A New Beginning for Varadero’s International Hotel

Elio Delgado Legon

In the International hotel’s parking lot, with the car I had just bought.

HAVANA TIMES — When I read the news, a few months ago, that Varadero’s International hotel would be knocked down because it was built on a sand dune, which is prohibited in order to protect the ecosystem, and also because it was too small for the great development this resort is experiencing, I felt a certain degree of nostalgia and even the urge to write an article against this decision. However, the arguments put forward by those who made this decision managed to convince me.

I was nostalgic because I had spent my best holidays at this hotel for many years, and even my honeymoon. I used to normally go for a week twice a year: at the beginning of the summer and just before winter started. Later, there was the tourism boom and prices went up, so it became increasingly difficult for me to pay for a short holiday like I had done before; but I didn’t stop having a certain fondness for that inviting place.

But, Varadero’s International hotel isn’t disappearing, it’s being replaced by another, with the same name, but further away from the dune, and with 946 rooms, four times the old hotel’s capacity and a more modern building, of a high standard that will make it a 5* plus hotel.

The Varadero Inrernational Hotel in reconstruction. Photo: Ventura de Jesus /granma.cu

The building will have 11 floors in the middle, the highest on Varadero beach until now and will have a VIP area with 90 suites, a conference center and 2400m2 of swimming pools, according to a recent article published in Granma newspaper.

The Continental cabaret, which was famous at the old hotel, where many Cuban and foreign artists performed, is also set to reappear.

The building project is now 52% completed and it is hoped that the hotel will be completed before the end of 2018. Maybe next year, I will go and visit it in summer to compare and appreciate how much Varadero’s International Hotel has gone up in quality, a place which many people fondly remember.




8 thoughts on “A New Beginning for Varadero’s International Hotel

  • I guess “You–or at least I–can’t go home again!” since it will not be the old, but rather the new, Hotel International in Varadero where, in early 1970, I was serenaded by a Cuban version of Tony Bennet singing such covers as “I Left My Heart in San Francisco,” “Strangers in the Night,” etc. During my last stay there, in 2015, I saw that the old Hotel Nacional was being “deconstructed.”
    Oh, well, as Heraclitus once said: “No man ever steps into the same river twice, for it is not the same river, and he’s not the same man.”

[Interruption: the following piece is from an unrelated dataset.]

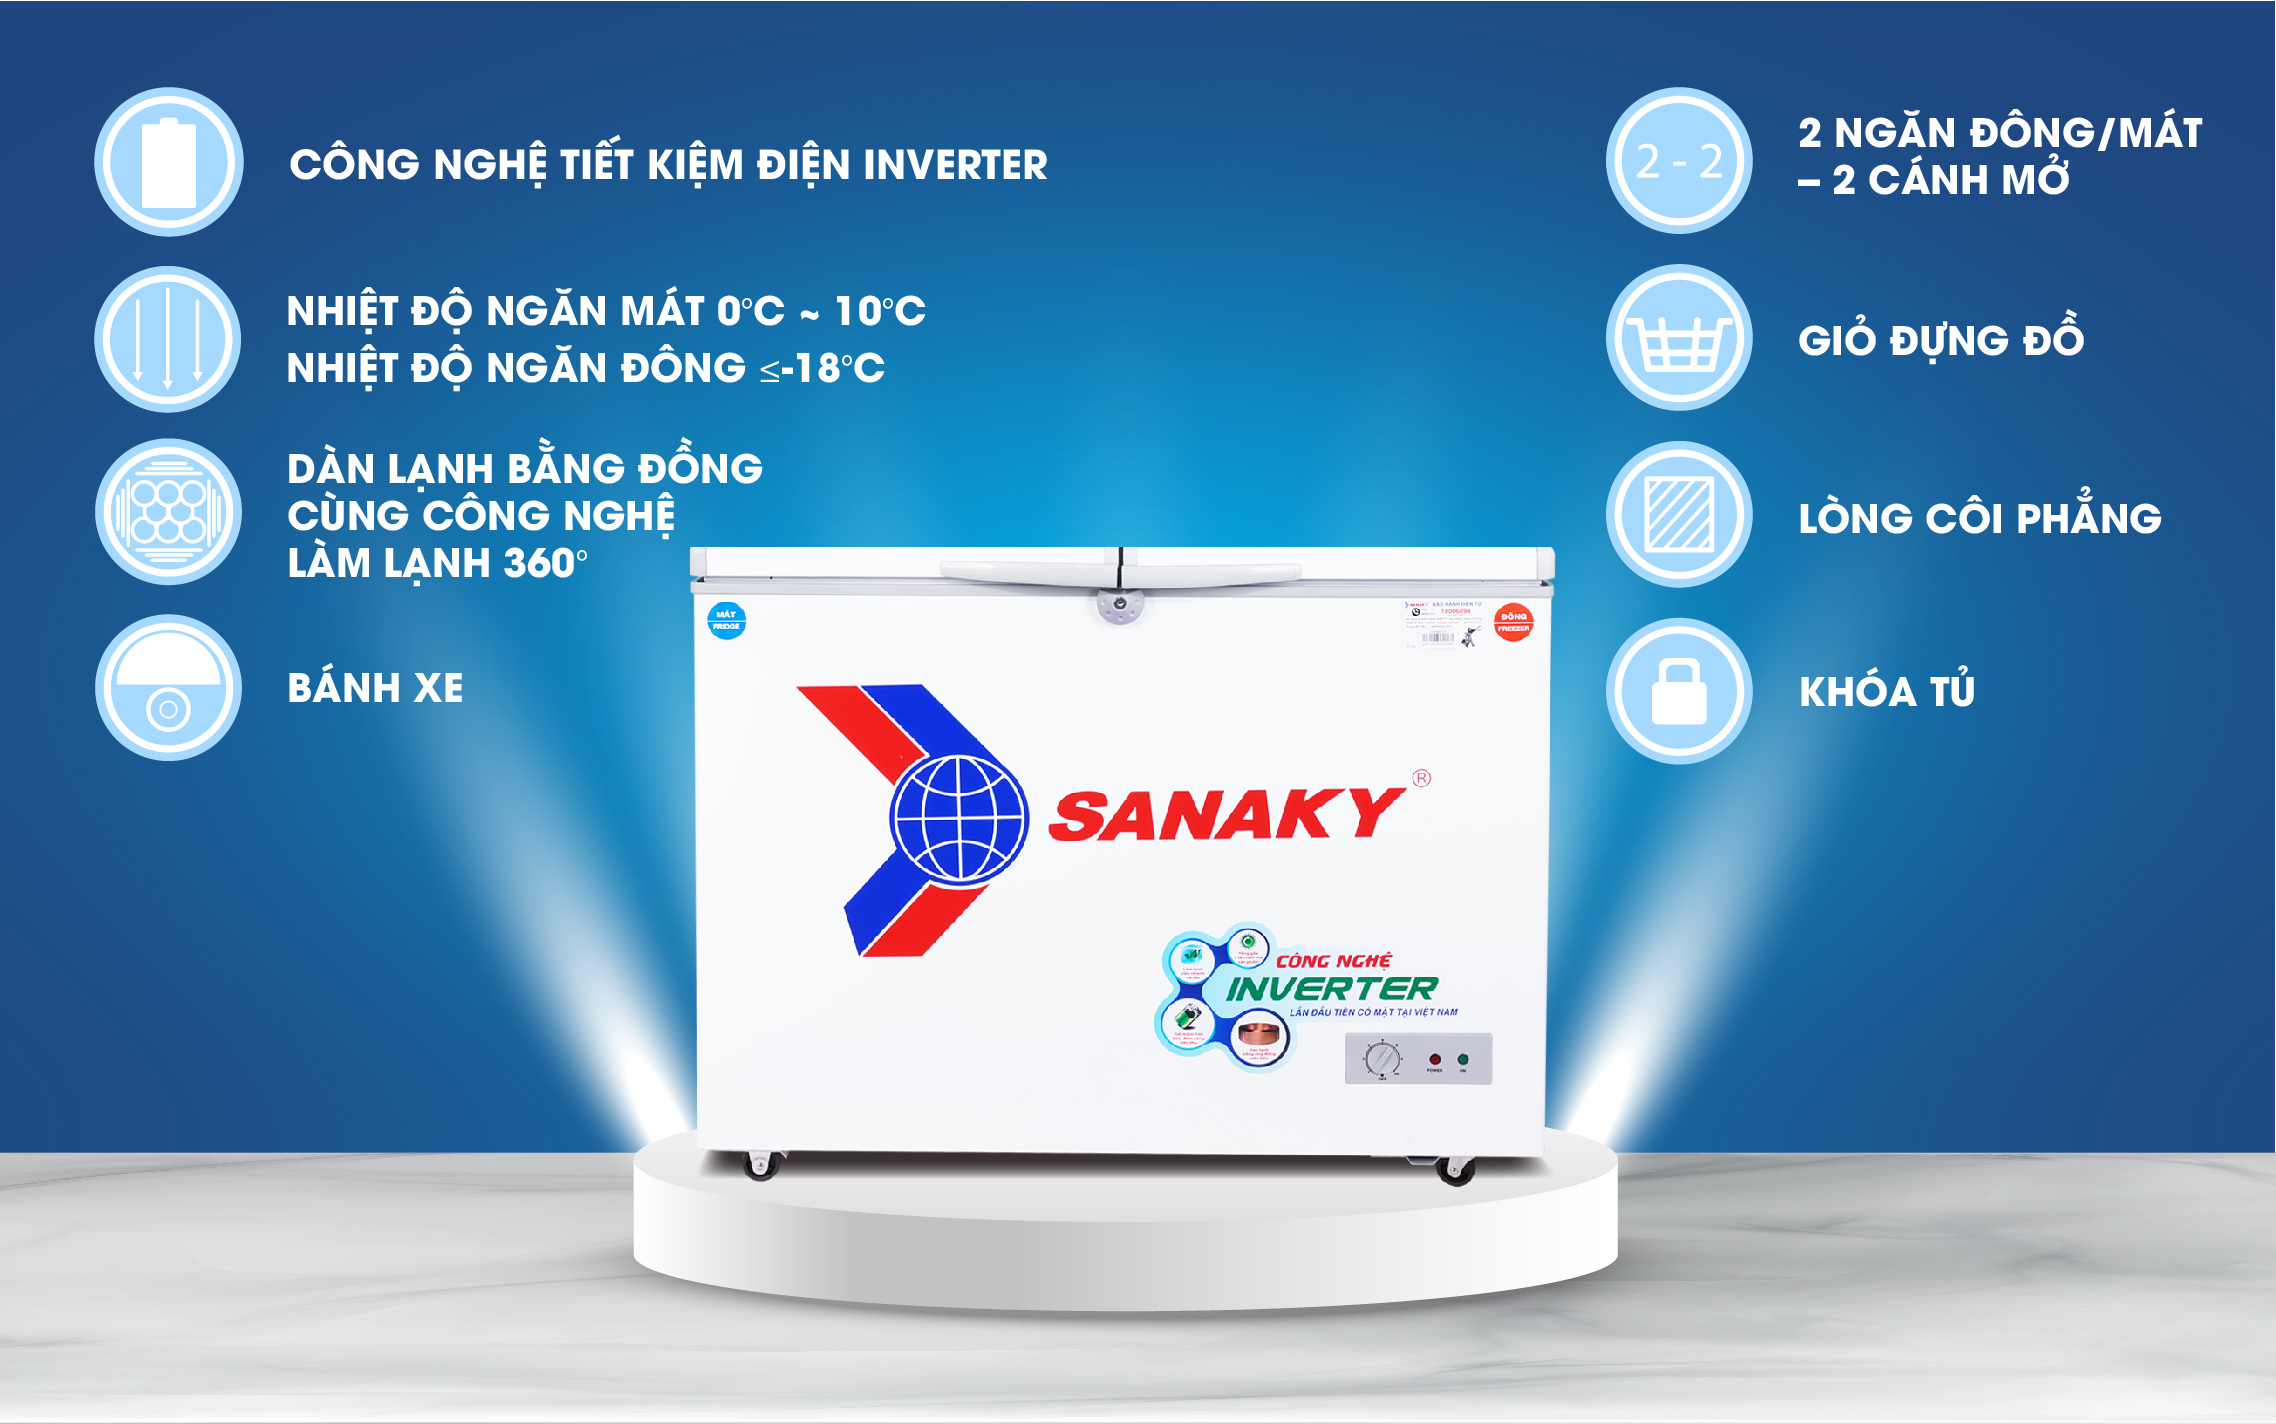 Tủ Đông Sanaky VH-2599W3

  • The “ideals of the Revolution”? Are you joking? What are the ideals of the Revolution, notwithstanding keeping the Castros in power for nearly 60 years. Please don’t regurgitate Castro pablum regarding free education and free health care. Many countries around the world have achieved these benefits without installing a dictatorship to do so.

  • I suppose that you believe that Cuban Socialism has been a success? Hahaha!

  • You make my point. I was being sarcastic.

  • “falls perfectly in line with Marxist dogma.”

    Absolutely antithetical, selling foreign property to imperialists so Cuban capitalists can make profits and exploit the Cuban people for American tourists is “marxist dogma” quite to the contrary Moses…..

  • yes comrade! Down with Cuban capitalism!

  • Elio’s handlers have obviously counseled him about his original opposition to the new hotel. In no time at all now he will be spouting off about how a new luxury hotel with daily room rates exceeding a year’s salary in Cuba falls perfectly in line with Marxist dogma. Shame on Elio for expressing a personal opinion without checking in first with the Castro thought police.

  • I was certain that Elio would be the last to abandon the ideals of the Revolution. I was wrong.
    The new Veradero International Hotel is the epitome of Cuban government bending over for Imperialists.
    Will they tear down the Hotel Nacional next to draw more Yanqui tourists?
    And one other question… were Cuban workers used on this construction or were crews imported from foreign countries, as with the Hotel Manzana Kempinski in La Habana?